# Problem
Transcribe the listing below in full, exactly, with no images.

# Dataset content
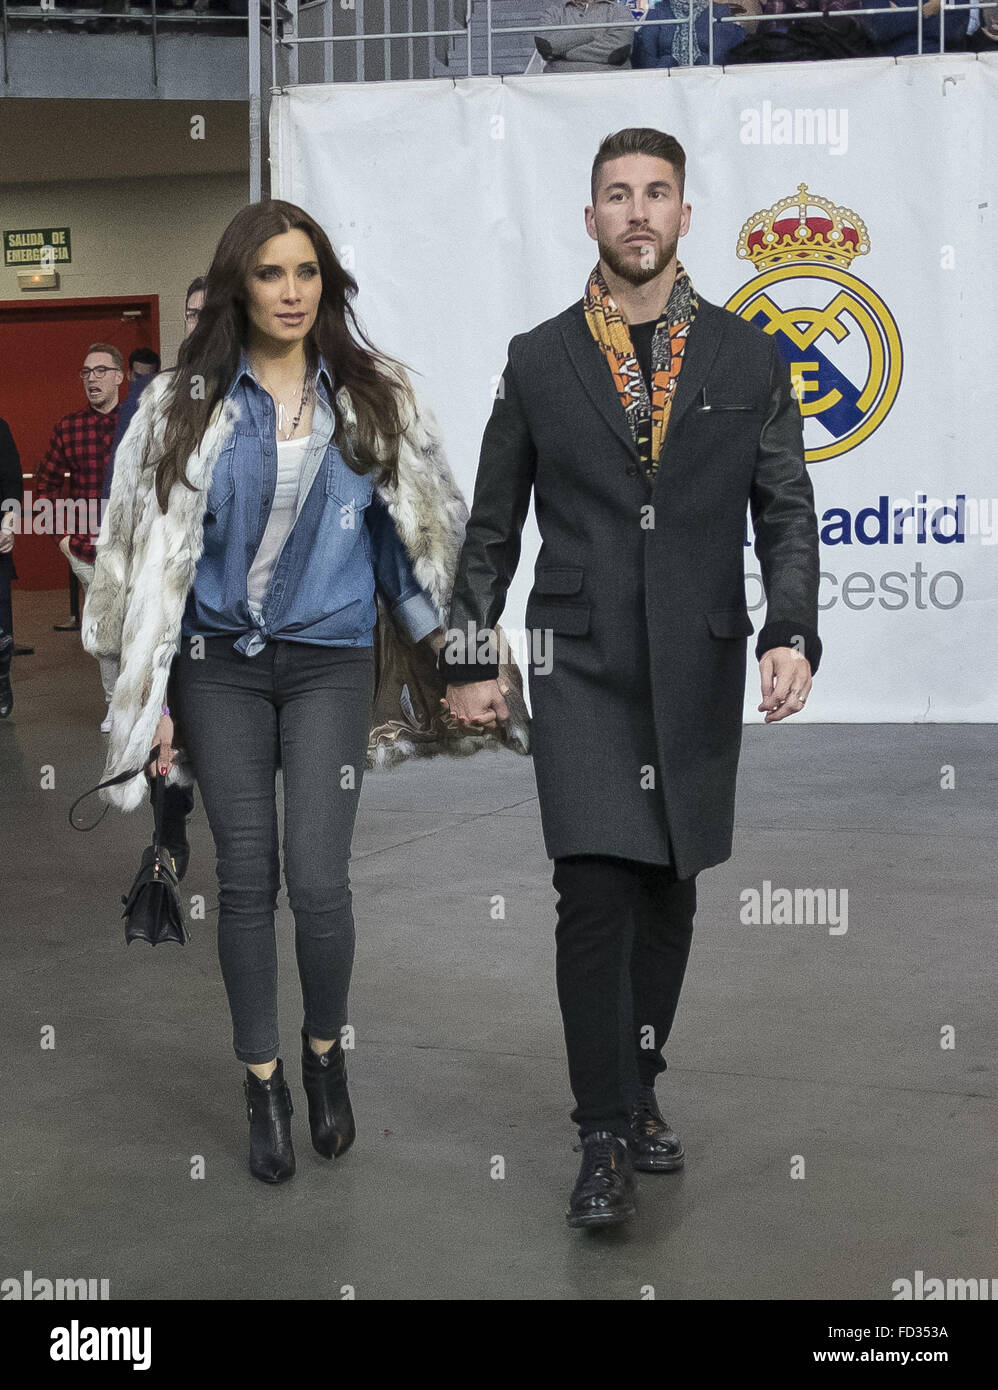 Sergio Ramos and his wife Pilar Rubio watch the Party ACB Basketball League  game between Real Madrid and Barcelona at the Barclaycard Center Featuring:  Sergio Ramos, Pilar Rubio Where: Madrid, Spain When:
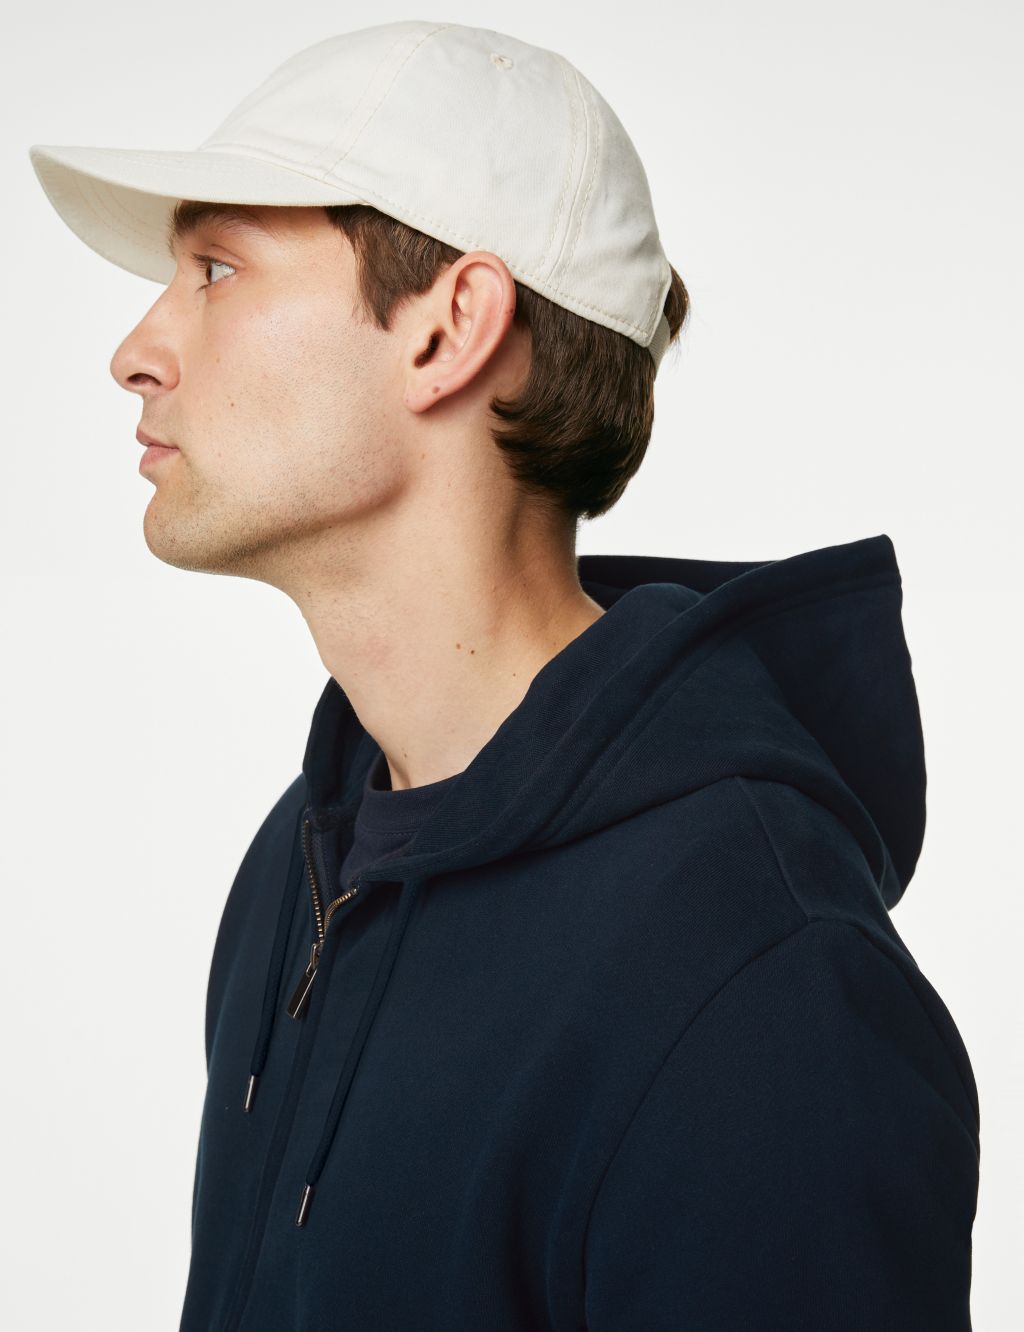 Pure Cotton Hoodie image 4
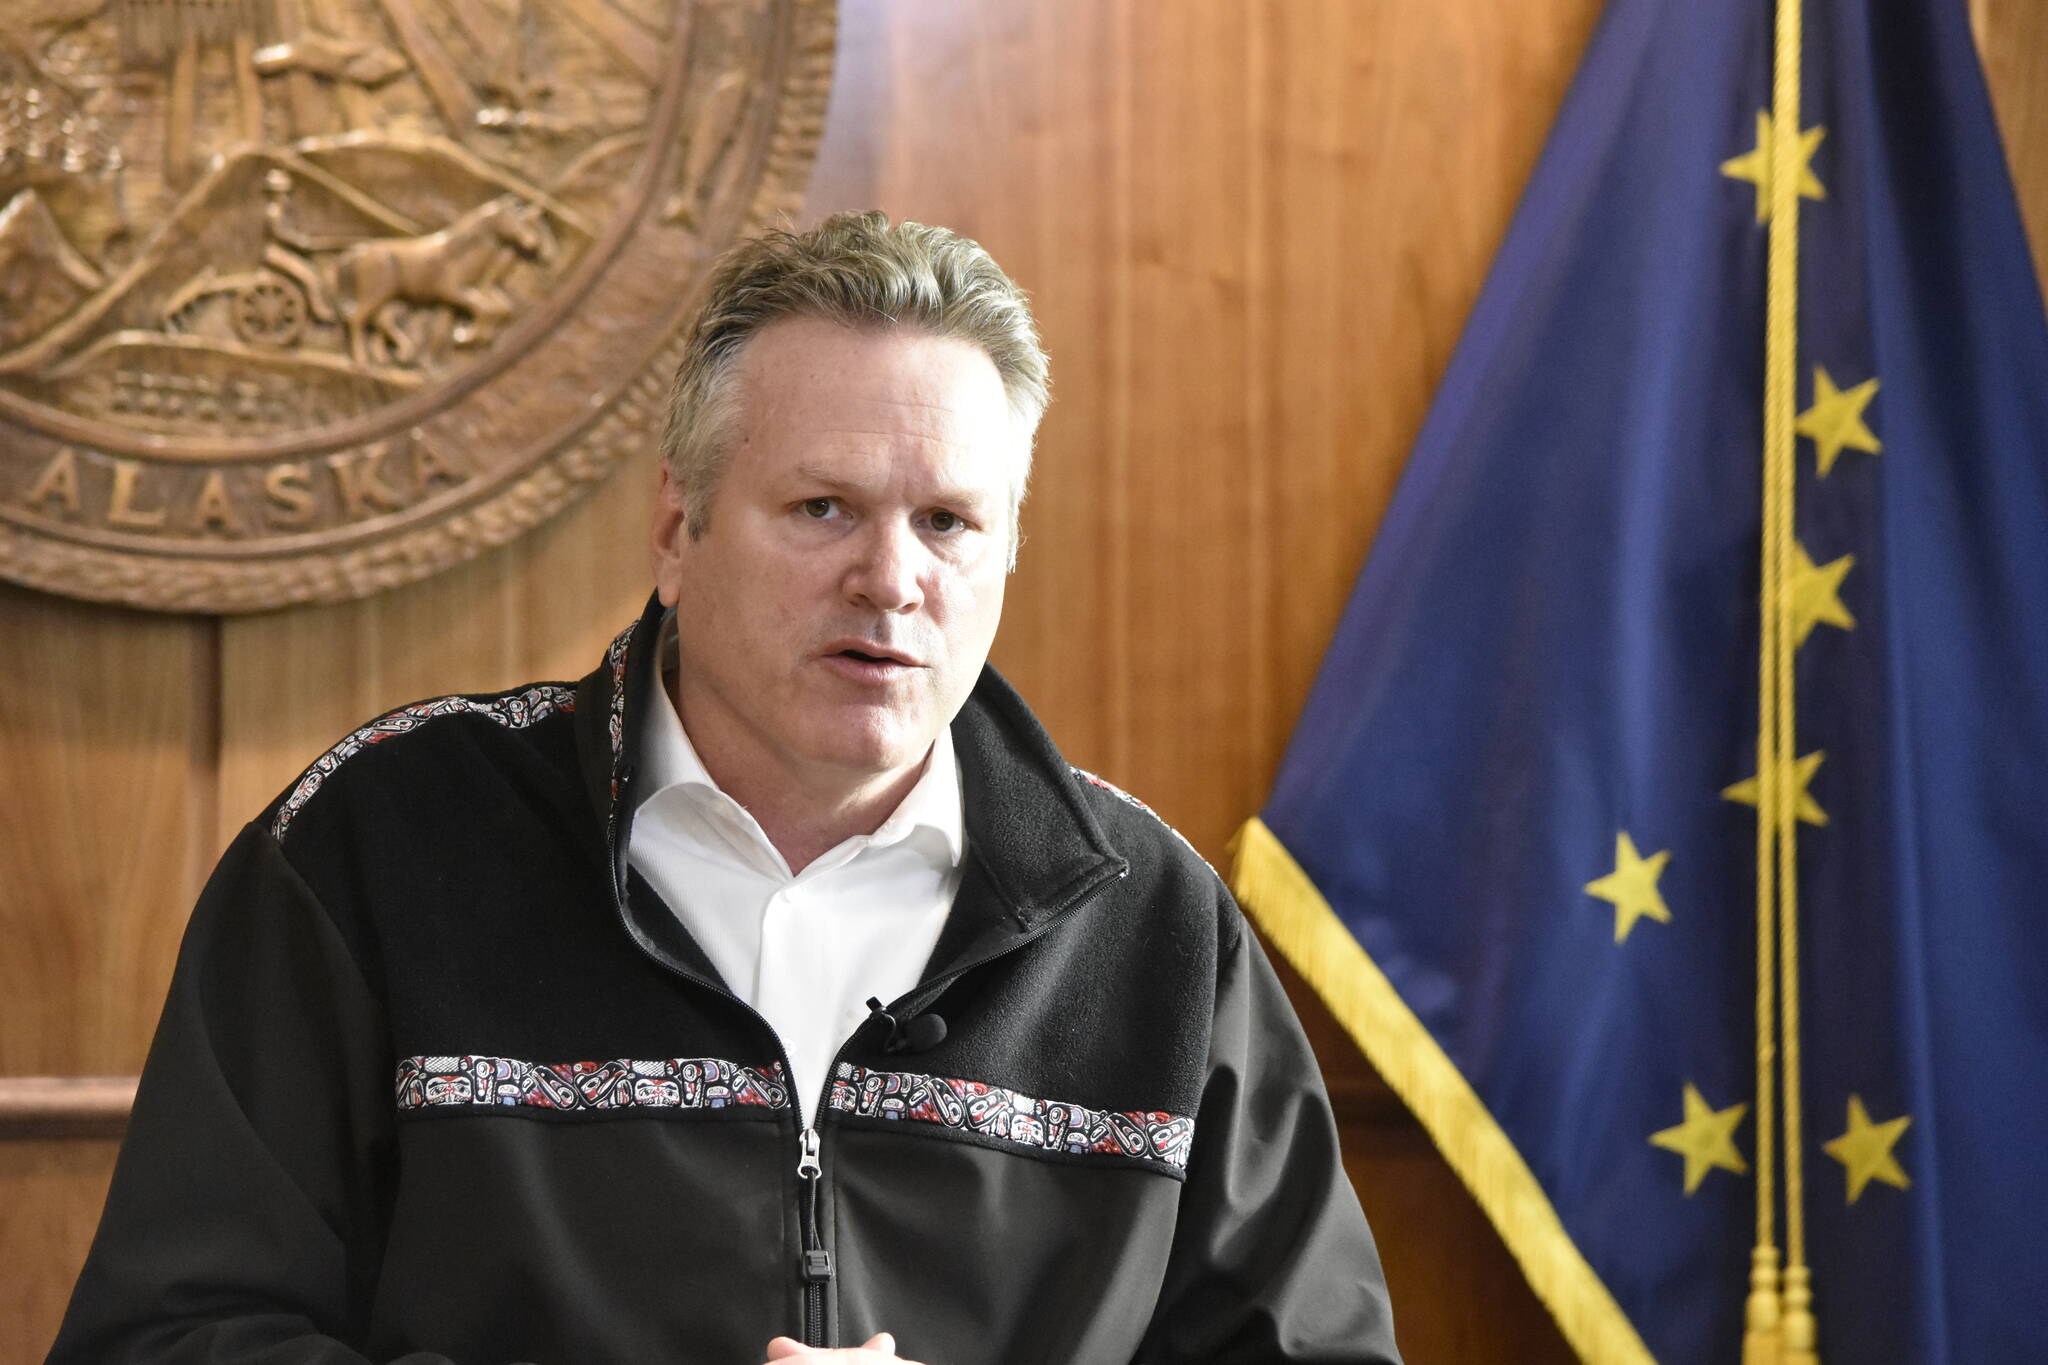 Gov. Mike Dunleavy speaks at a news conference at the Alaska State Capitol on Thursday, Oct. 28, 2021. (Peter Segall / Juneau Empire)
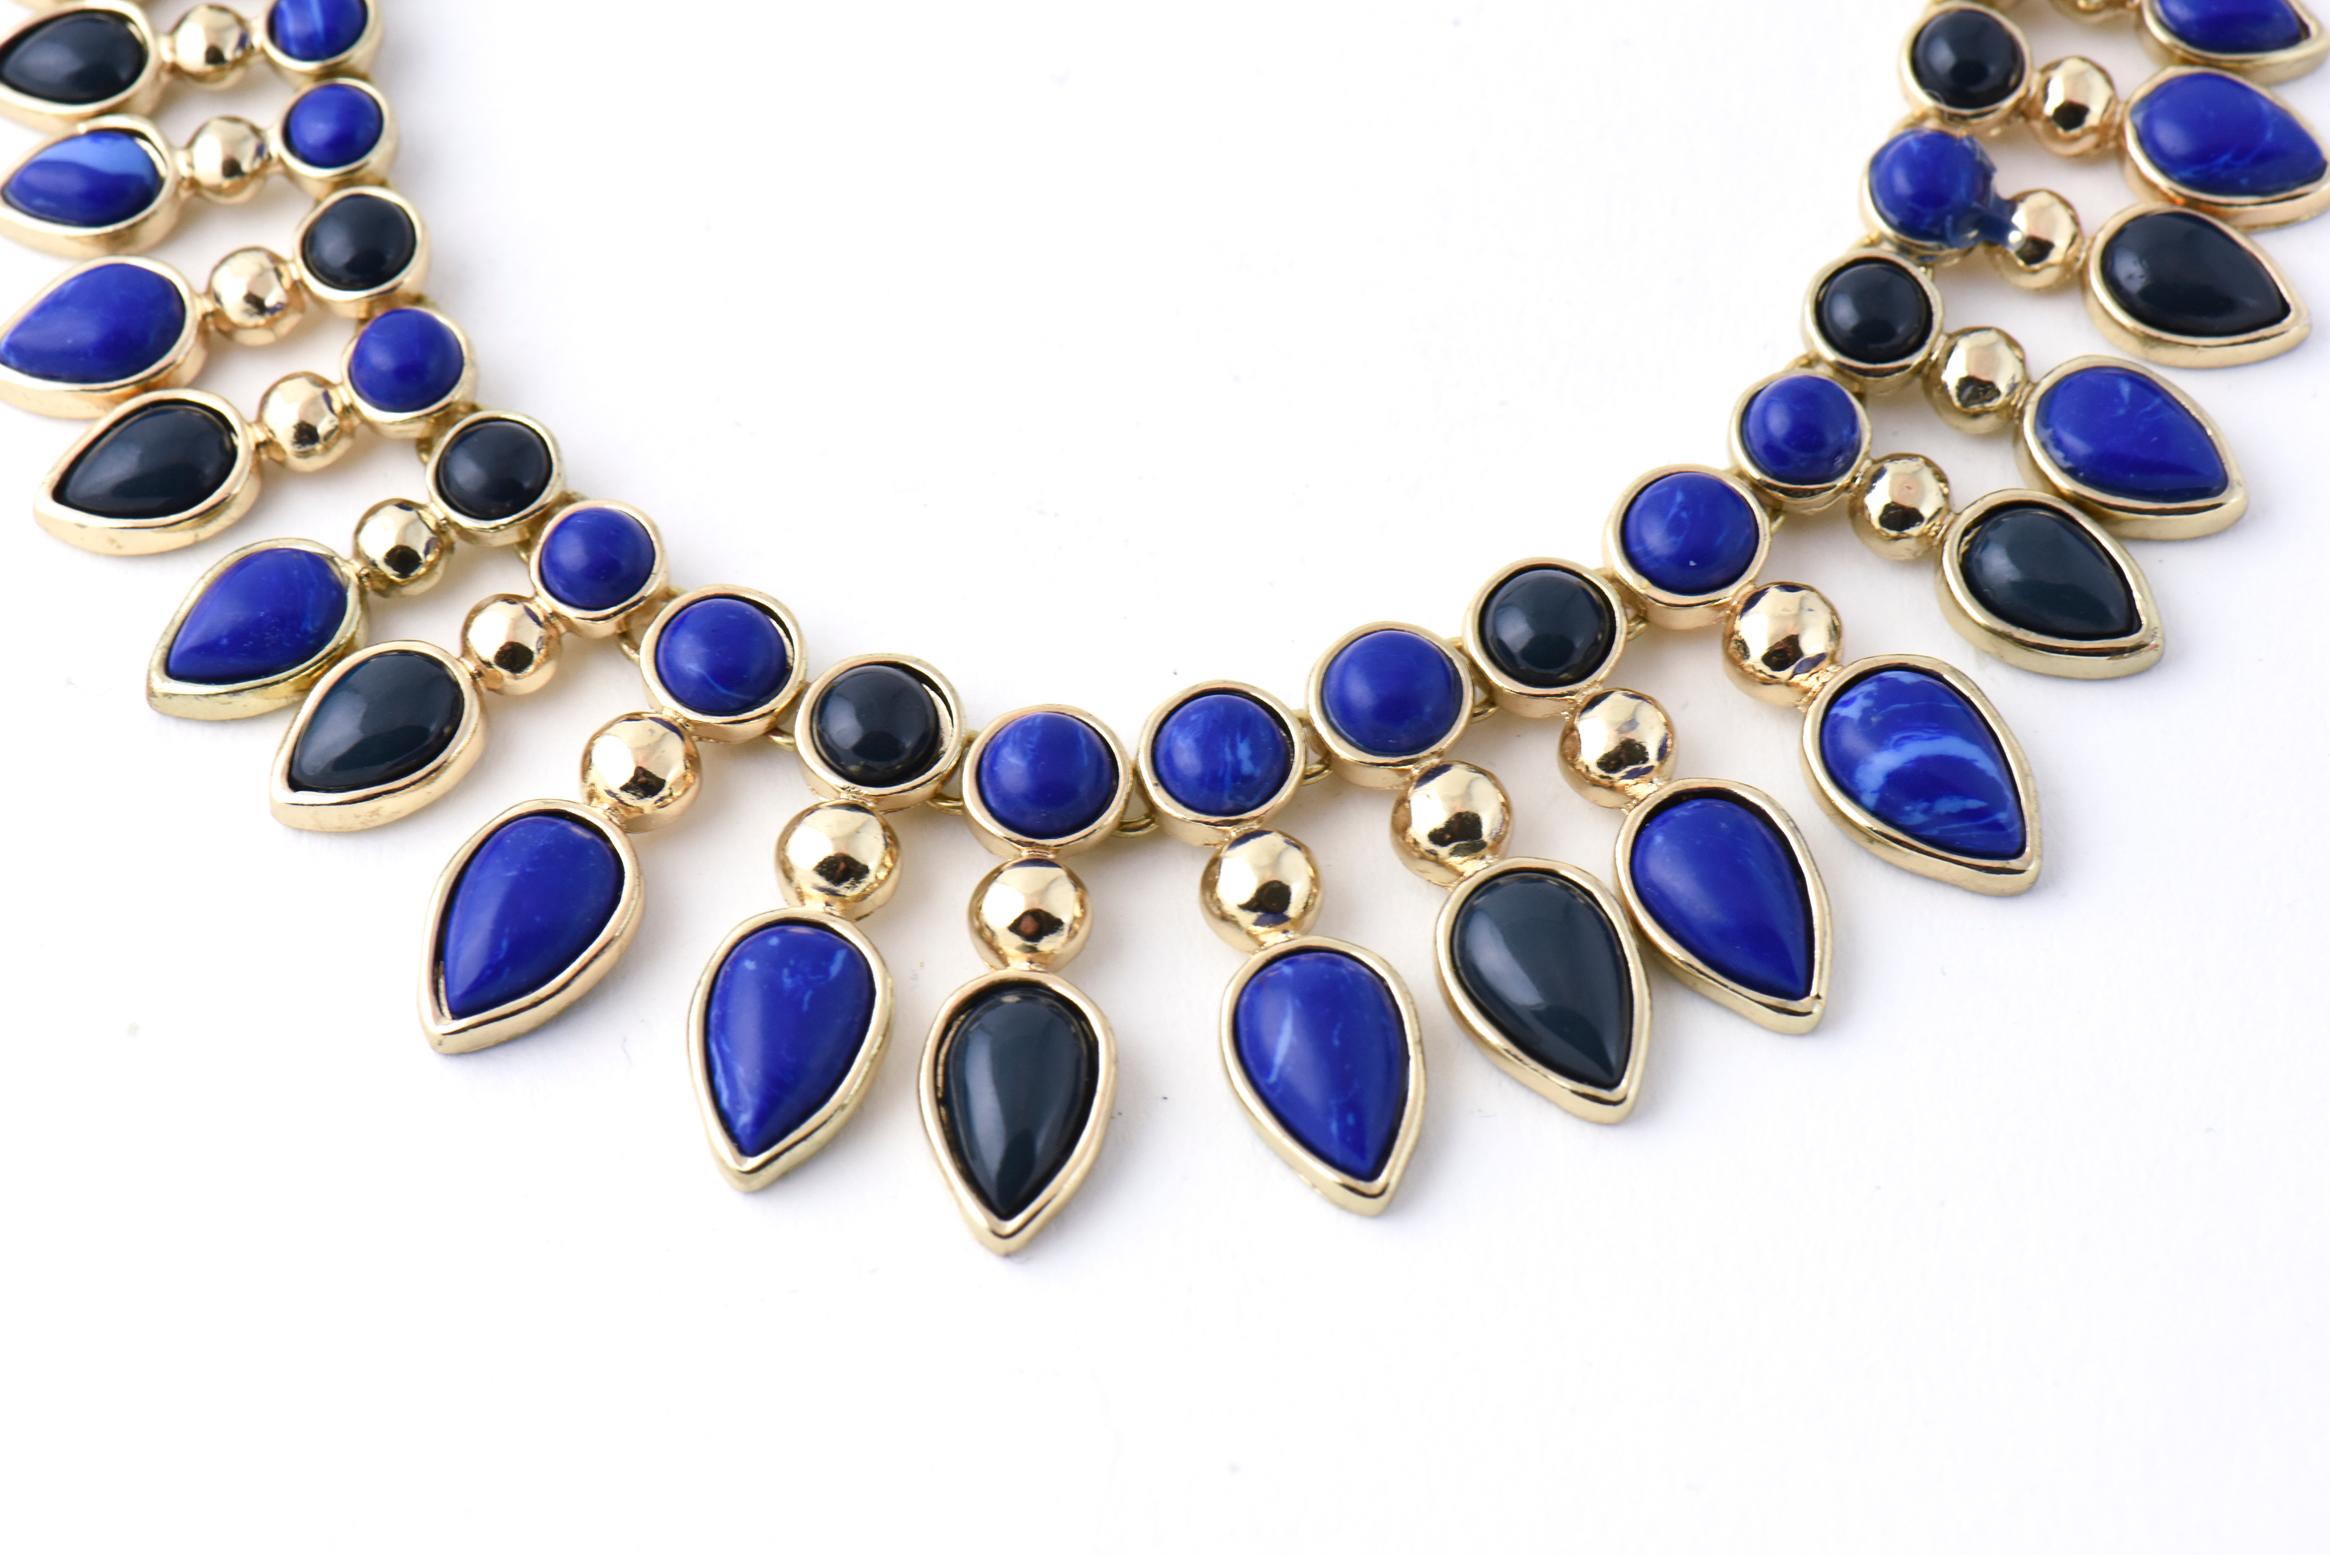 Stunning Cleopatra style necklace featuring costume blue and green resin pieces that  represent the jade and lapis lazuli often used in Egyptian jewelry.  The backside is as pretty as the front.  I believe you could wear it either way. The necklace

# Solution to this task
 Sergio Ramos and his wife Pilar Rubio watch the Party ACB Basketball League  game between Real Madrid and Barcelona at the Barclaycard Center Featuring:  Sergio Ramos, Pilar Rubio Where: Madrid, Spain When:
 Pure Cotton Hoodie image 4
 Gov. Mike Dunleavy speaks at a news conference at the Alaska State Capitol on Thursday, Oct. 28, 2021. (Peter Segall / Juneau Empire)
 Stunning Cleopatra style necklace featuring costume blue and green resin pieces that  represent the jade and lapis lazuli often used in Egyptian jewelry.  The backside is as pretty as the front.  I believe you could wear it either way. The necklace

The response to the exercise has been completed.